1. Die Dame kann dann alleinigen Anspruch erheben, wenn sie die „Schöpfern“ des Stückes war, § 7 UrhG.

2. Maßgeblich ist, ob der Hauptanteil an der Werkschaffung von der Dame stammt. Die Tatsache, dass andere Personen Ideen beigesteuert haben, machen diese Personen nicht automatisch zu Miturhebern, BGH, Urteil vom 19.10.1994 - I ZR 156/92 (Frankfurt a. M.), „Miturheber ist nur, wer das Werk als persönliche geistige Schöpfung mitgeschaffen hat. Dazu genügen bloße Ideen, die
noch nicht Gestalt angenommen haben, oder Anregungen zu dem Werk nicht.“

3. Wenn die Dame also den Hauptteil verfasst hat und lediglich Ideen Dritter verwendet hat, darf sie das Werk alleine verwenden.
4. Sollten dagegen bestimmte Abschnitte von Dritten verfasst worden sein, sind diese Miturheber und haben somit ebenfalls die Rechte daraus.

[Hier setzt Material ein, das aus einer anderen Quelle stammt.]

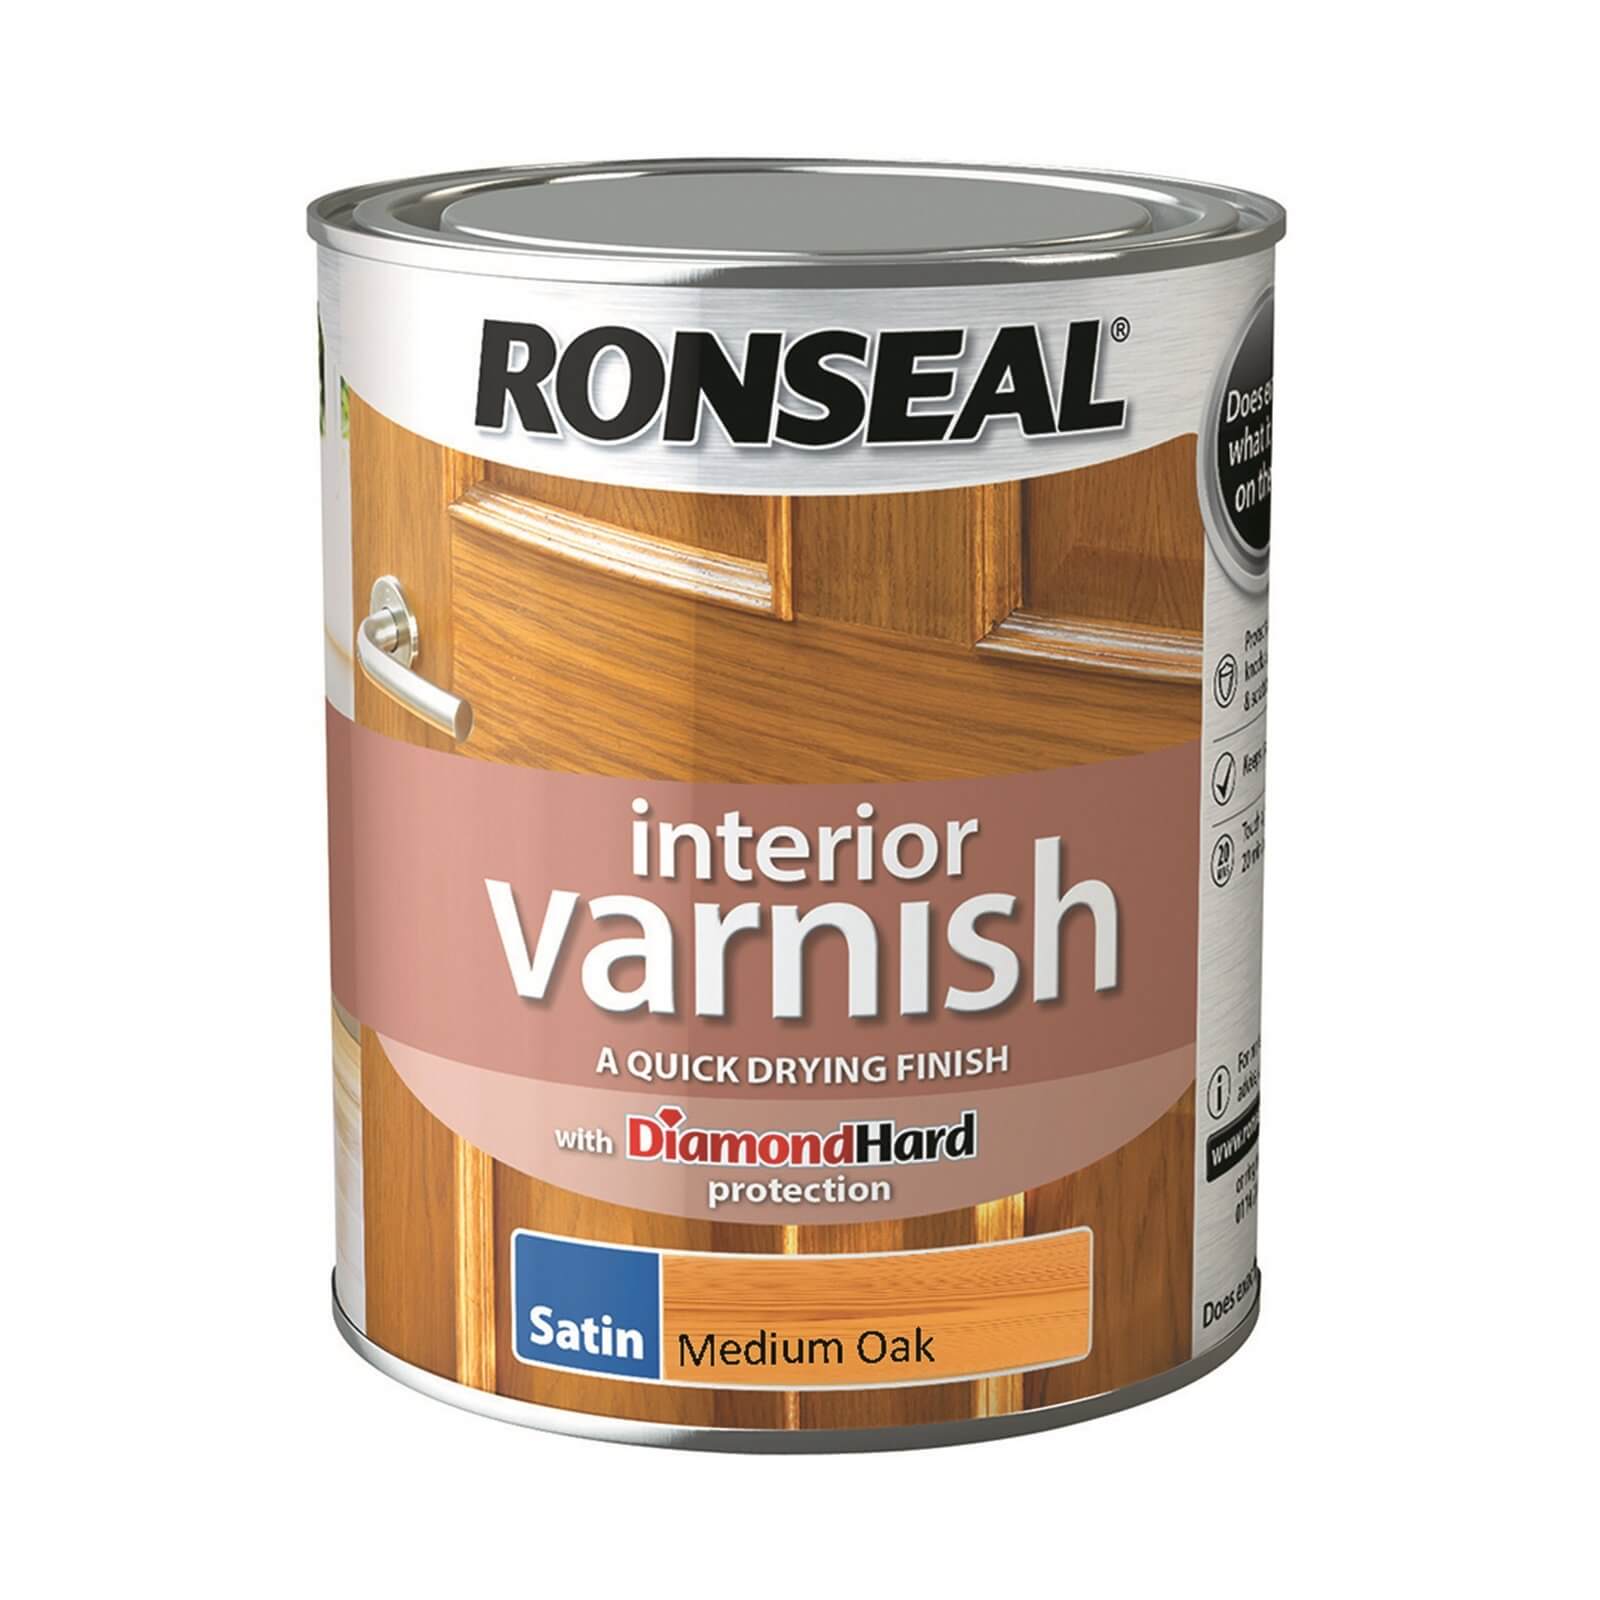 Ronseal Interior Varnish Satin Medium Oak - 750ml
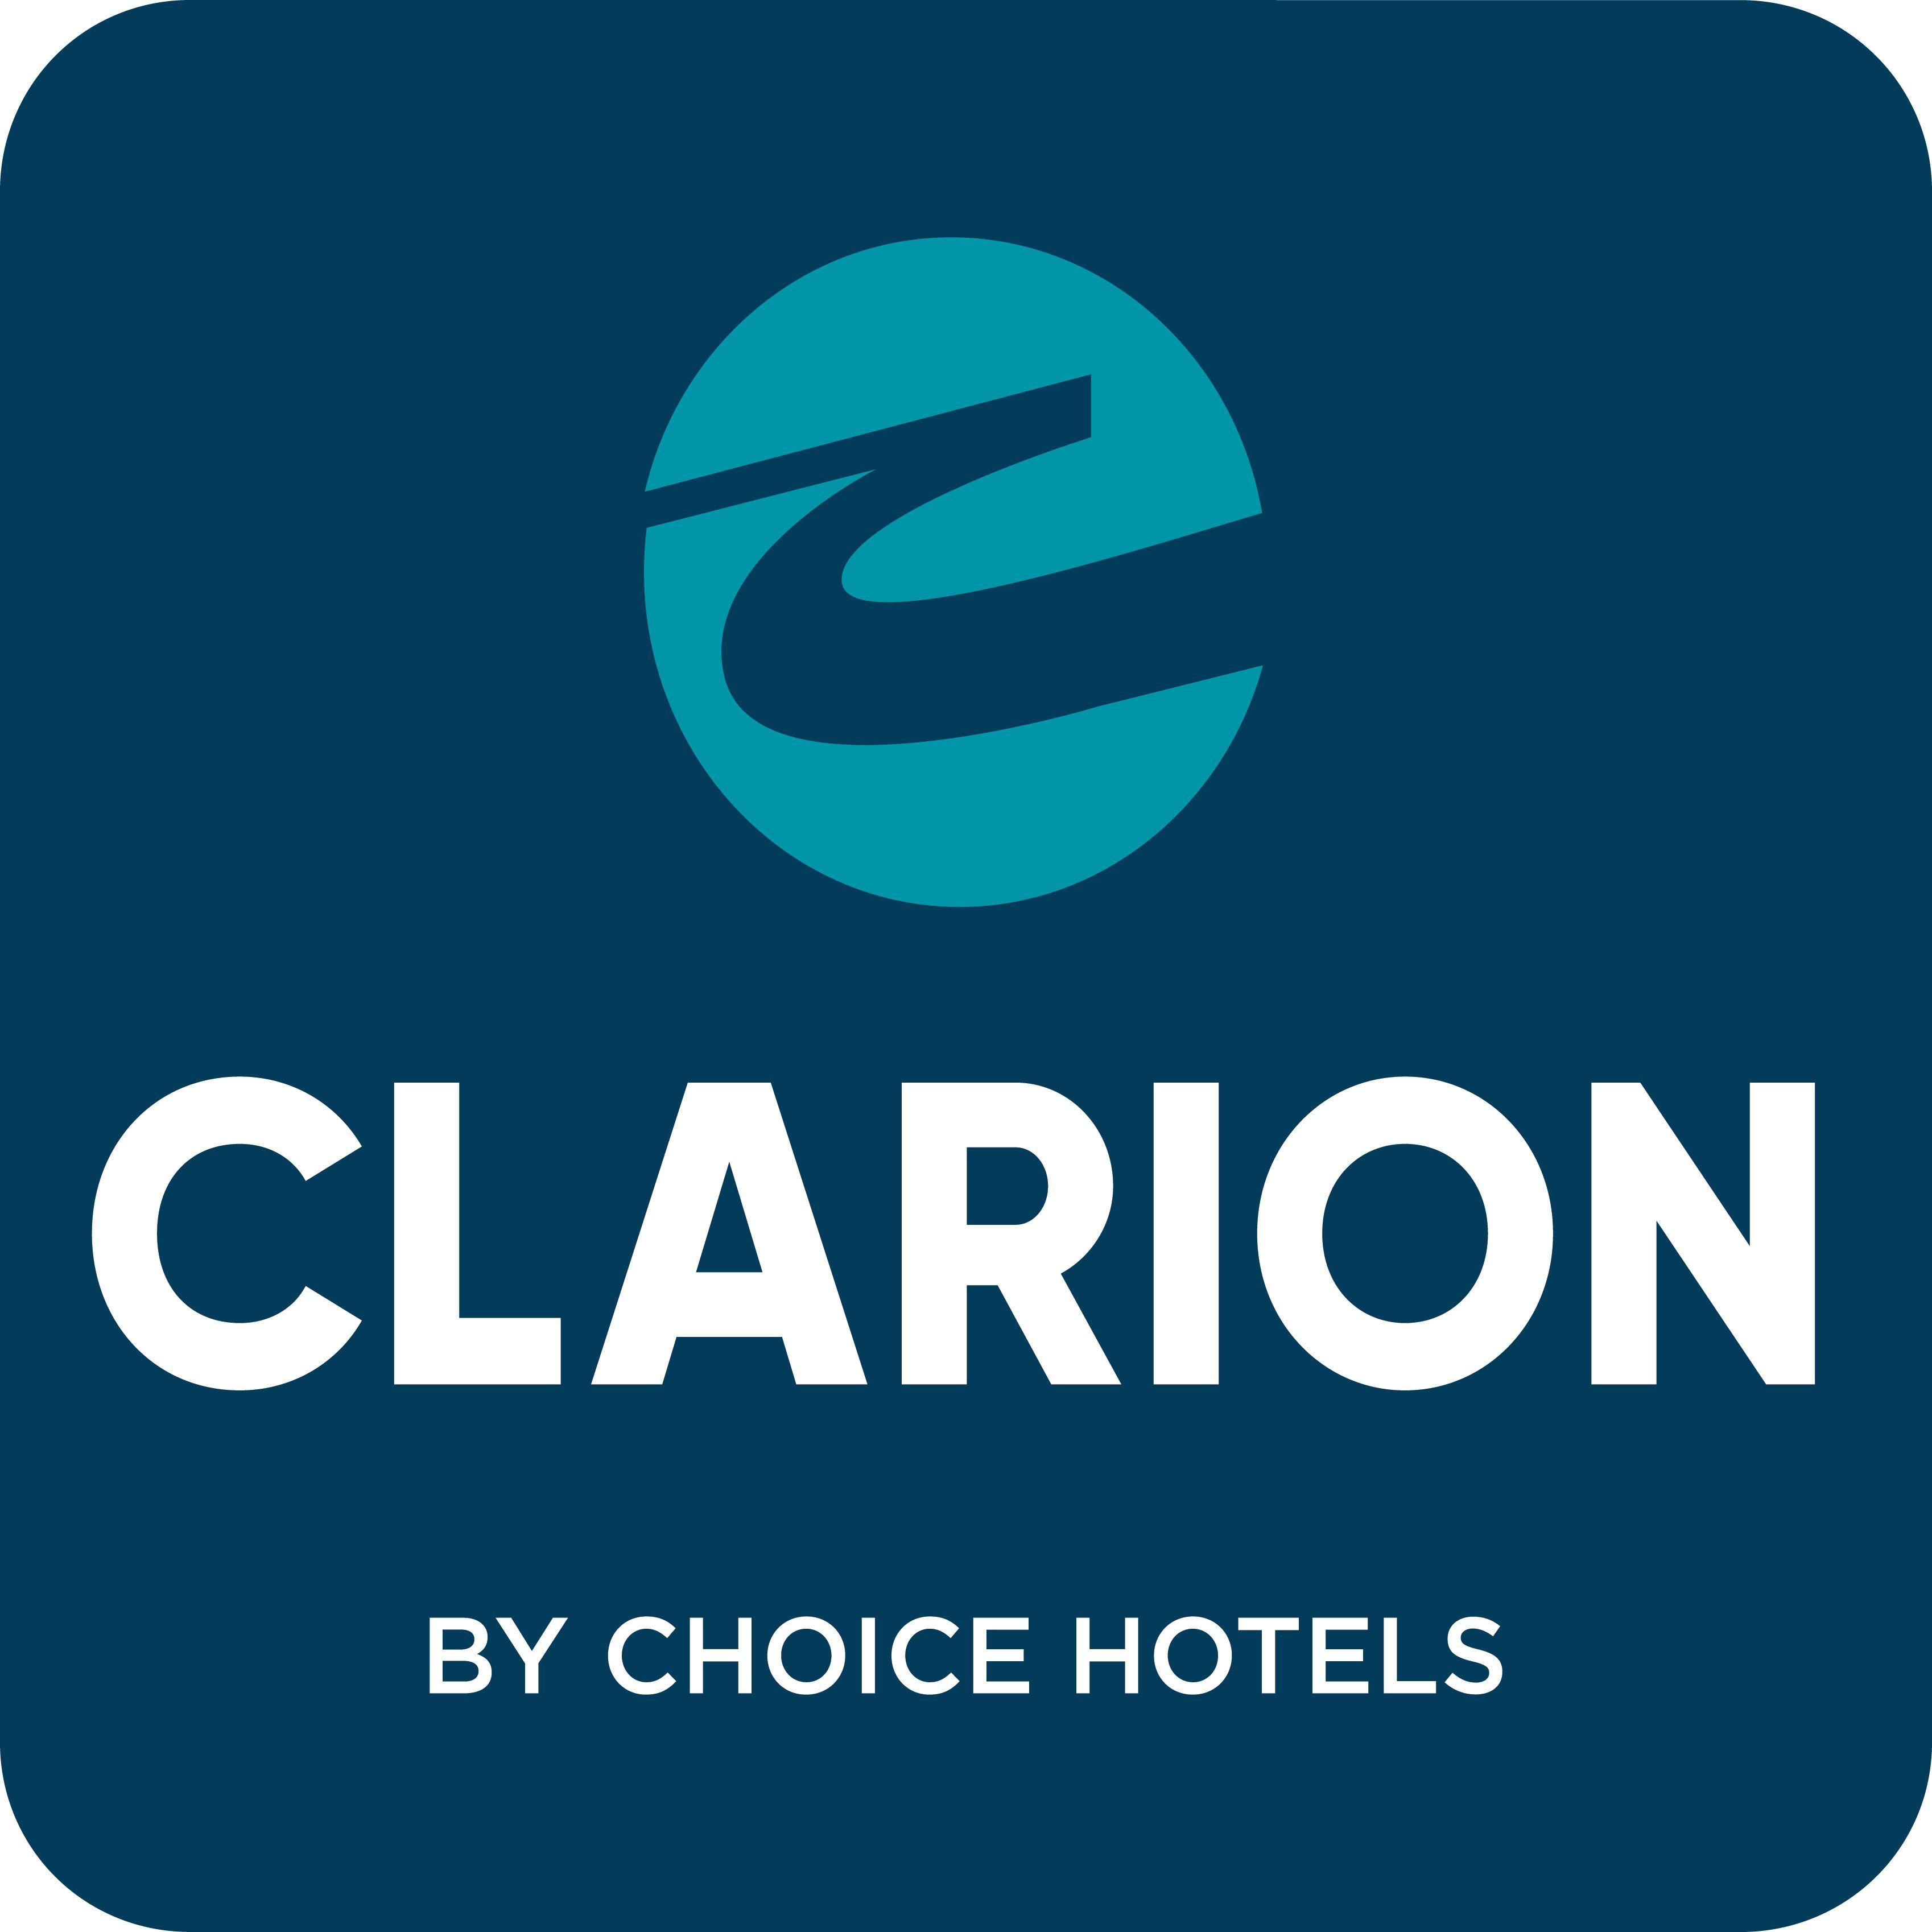 Clarion Logo - Choice Hotels International Press Kit

Ich hoffe, diese Ausführungen haben Ihnen bei Ihrem rechtlichen Problem weitergeholfen. Für eine weitere Beratung stehe ich Ihnen selbstverständlich zur Verfügung.

Mit freundlichen Grüssen

Nina Heussen
Rechtsanwältin

Weiler Rechtsanwälte
Sonnenstr. 2
80331 München

Tel: (089) 20604130
kanzlei@weiler-rechtsanwaelte.de

Abschließend darf ich mir erlauben, noch auf Folgendes hinzuweisen:
Meine Auskunft umfasst die wesentlichen Gesichtspunkte, die in Fällen der geschilderten Art im Allgemeinen zu beachten sind.
Insbesondere bezieht sich meine Auskunft nur auf die Informationen, die mir zur Verfügung stehen. Eine umfassende Sachverhaltsermittlung ist für eine verbindliche Einschätzung unerlässlich. Diese Leistung kann im Rahmen der Online-Beratung nicht erbracht werden.
Darüber hinaus können eine Reihe weiterer Tatsachen von Bedeutung sein, die zu einem anderen Ergebnis führen. Auch einige Rechtsfragen wie z. B. die Frage der Verjährung oder von Rückgriffsansprüchen gegenüber Dritten etc., können mit dieser Auskunft nicht geklärt werden. Ferner sind verbindliche Empfehlungen darüber, wie Sie Ihre Rechte durchsetzen können, nur im Rahmen einer Mandatserteilung möglich.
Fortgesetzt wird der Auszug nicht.